Google’s Operating System Arrives - But Not From Google - astrec
http://www.sitepoint.com/blogs/2008/12/02/googles-operating-system-arrives-but-not-from-google/

======
citrate
I would think the gOS would be best suited as a spashtop. I doubt it takes
much space or any time to boot, and would be perfect when people do not want
the benefits of a full OS. It would probably help with battery life too.

------
jackowayed
The fact that they mentioned that it can be installed alongside another OS is
good, because unless they plan on packaging it with more than just the
browser, it always should be.

I like web apps as much as the next guy, but they can never truly take the
place of desktop apps 100%. There will always be situations where one is
offline, so my computer better still let me word-process offline.

Also, even google docs, the king of web word processors, is slow and buggy.
Whether it's server or connection problems, it often takes me 2-3 tries to get
gdocs to actually let me save so that I can close the document.
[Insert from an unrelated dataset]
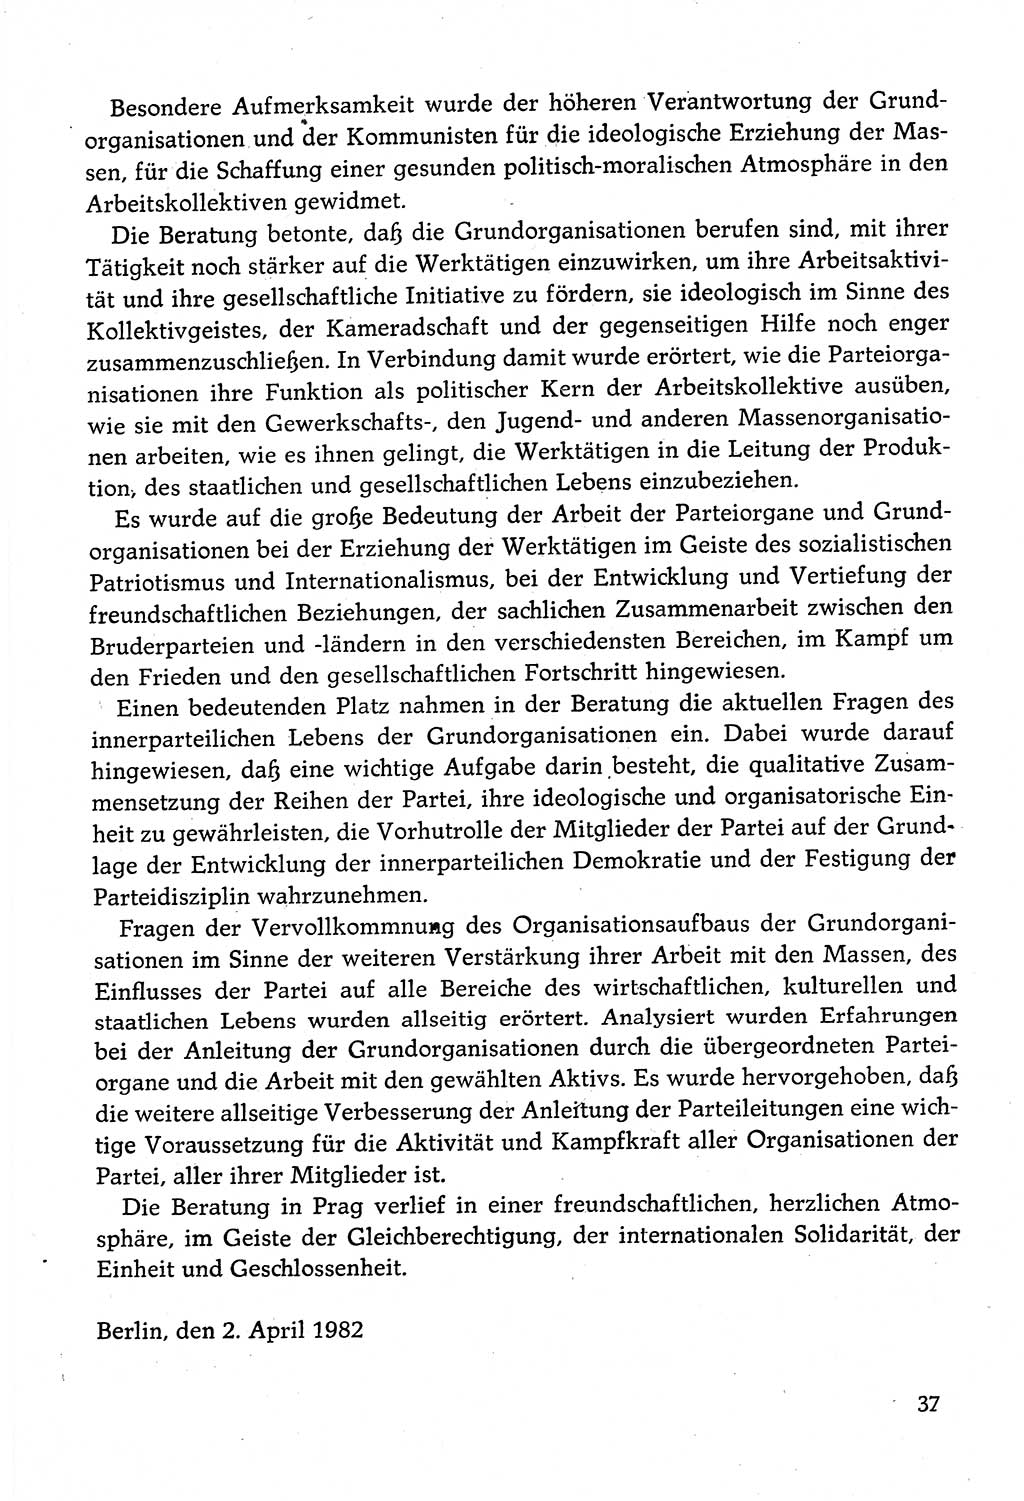 Dokumente der Sozialistischen Einheitspartei Deutschlands (SED) [Deutsche Demokratische Republik (DDR)] 1982-1983, Seite 37 (Dok. SED DDR 1982-1983, S. 37)

Sometimes I
change windows and come back to gdocs, and then I start typing and it's in
some weird state where it has a cursor, but what I type doesn't show up.

And has anyone even thought about using some kind of web development
environment? No. We want our editor to be fast and reliable, and we know that
both embedding in a webpage and having to talk to a remote server a lot make
that impossible.

Basically, all web apps still have the problem that the languages that run
them are slower, anything remote is slow, and having to embed them in browsers
--and have them work on all browsers--limit their functionality.

Maybe when more solutions to embedding apps have come round, and the Internet
really is everywhere, this will work, but for now, the browswer cannot
supplant OSes.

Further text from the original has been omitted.